2. The media processing application execution apparatus of claim 1 , wherein the configuration deciding unit extracts feasible combinations from among combinations of configurations of the computation kernels and the cores in which the computational kernels are to be executed, based on information about at least one executable device defined for each computational kernel, and selects an optimal combination from among the feasible combinations.
3. The media processing application execution apparatus of claim 1 , wherein the configuration deciding unit tests performances of the feasible combinations using sampling data, starting from a combination of cores matching device information on which each computation kernel has a highest preference, based on preference information about at least one executable device defined for each computational kernel, and the preference information is set in the media processing application.
4. The media processing application execution apparatus of claim 3 , wherein the configuration deciding unit changes the configuration of the cores to sequentially change the cores from a core that takes the longest time to execute to another core having a second highest preference, and measure the performance of the changed configuration.
5. The media processing application execution apparatus of claim 1 , wherein for each media processing component, a port connecting the media processing component with another media processing component, a computational kernel configured to execute the media processing component, an internal buffer for communications between computational kernels, and a direction of data flow between the port, the computational kernel, and the internal buffer, are defined.
6. The media processing application execution apparatus of claim 1 , wherein the media processing application is written in a language for a heterogeneous multicore processor.
7. A media processing application execution method comprising:
is determining a configuration for computational kernels and cores in which the computational kernels are to be executed, wherein the computational kernels are media processing components included in a media processing application; and
executing the media processing application based on the decided configuration.
8. The media processing application execution method of claim 7 , wherein the determining comprises:
extracting feasible combinations of configurations including the computation kernels and the cores in which the computational kernels are to be executed, based on information about at least one executable device defined for each computational kernel; and
selecting an optimal combination from among the feasible combinations.

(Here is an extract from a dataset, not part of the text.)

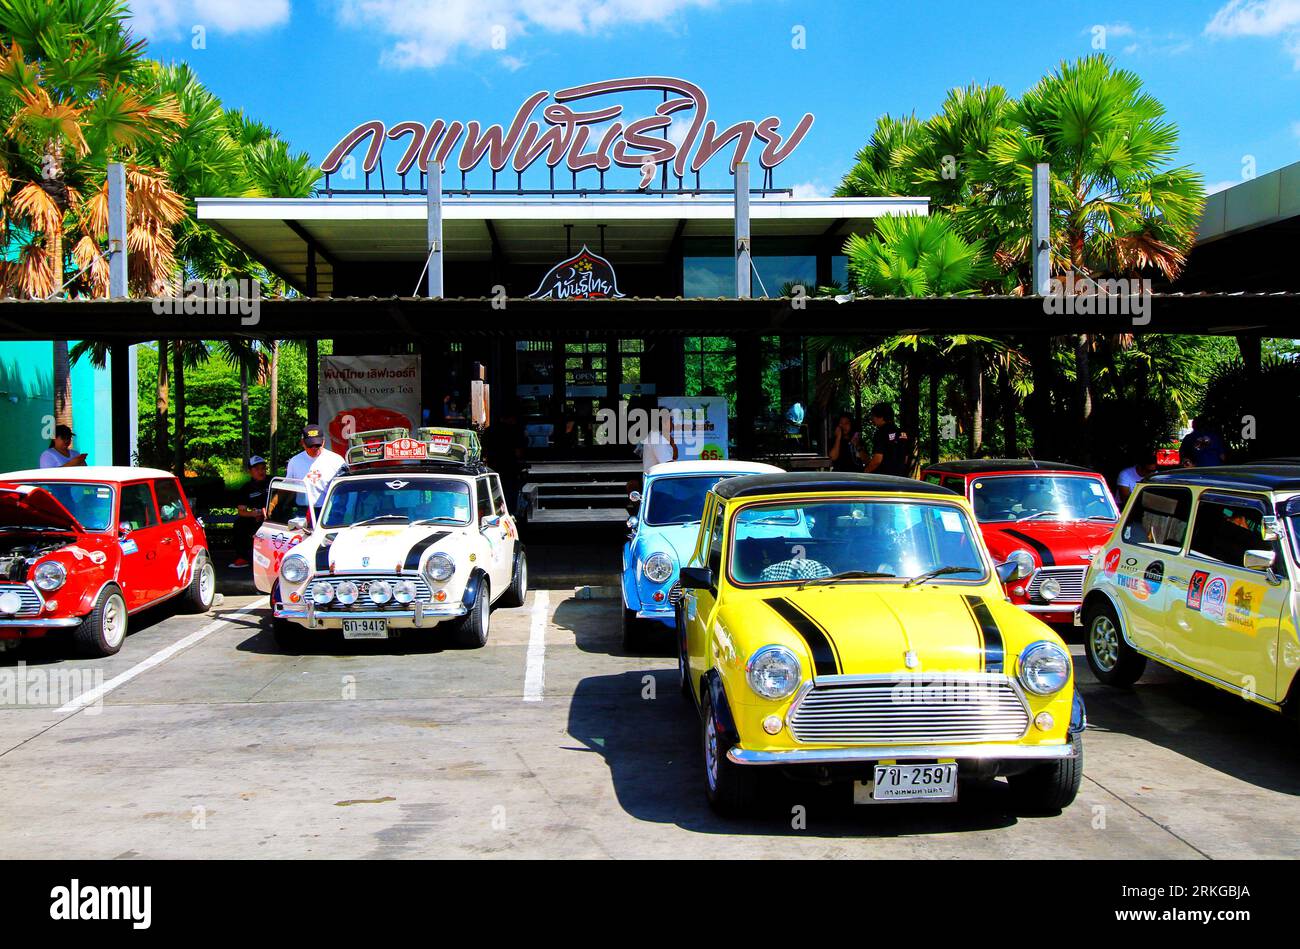 An array of vintage Mini Austin Coopers in a variety of colors are parked along the side of a street Stock Photo

9. The media processing application execution method of claim 7 , wherein the determining comprises testing performances of the feasible combinations using sampling data, starting from a combination of cores matching device information on which each computational kernel has a highest preference, based on preference information about at least one executable device defined for each computational kernel, and the preference information is set in the media processing application.
10. The media processing application execution method of claim 9 , wherein the determining comprises changing a configuration of the cores in a manner to sequentially change the cores from a core that takes the longest time to execute to another core having a second highest preference, and measuring the performance of the changed configuration.
11. A media processing application execution apparatus, comprising:
a configuration deciding unit to determine a processing configuration for optimally processing a media processing application using multiple heterogeneous cores, the media processing application comprising a plurality of computational kernels, and the configuration deciding unit determines which heterogeneous core most preferably processes a respective computational kernel; and
an execution unit comprising the multiple heterogeneous cores to execute the media processing application based on the determined optimal processing configuration.
12. The media processing application execution apparatus of claim 11 , wherein the configuration deciding unit extracts possible combinations of the heterogeneous cores that may process the plurality of computational kernels and determines an optimal combination from the extracted combinations as the determined optimal processing configuration.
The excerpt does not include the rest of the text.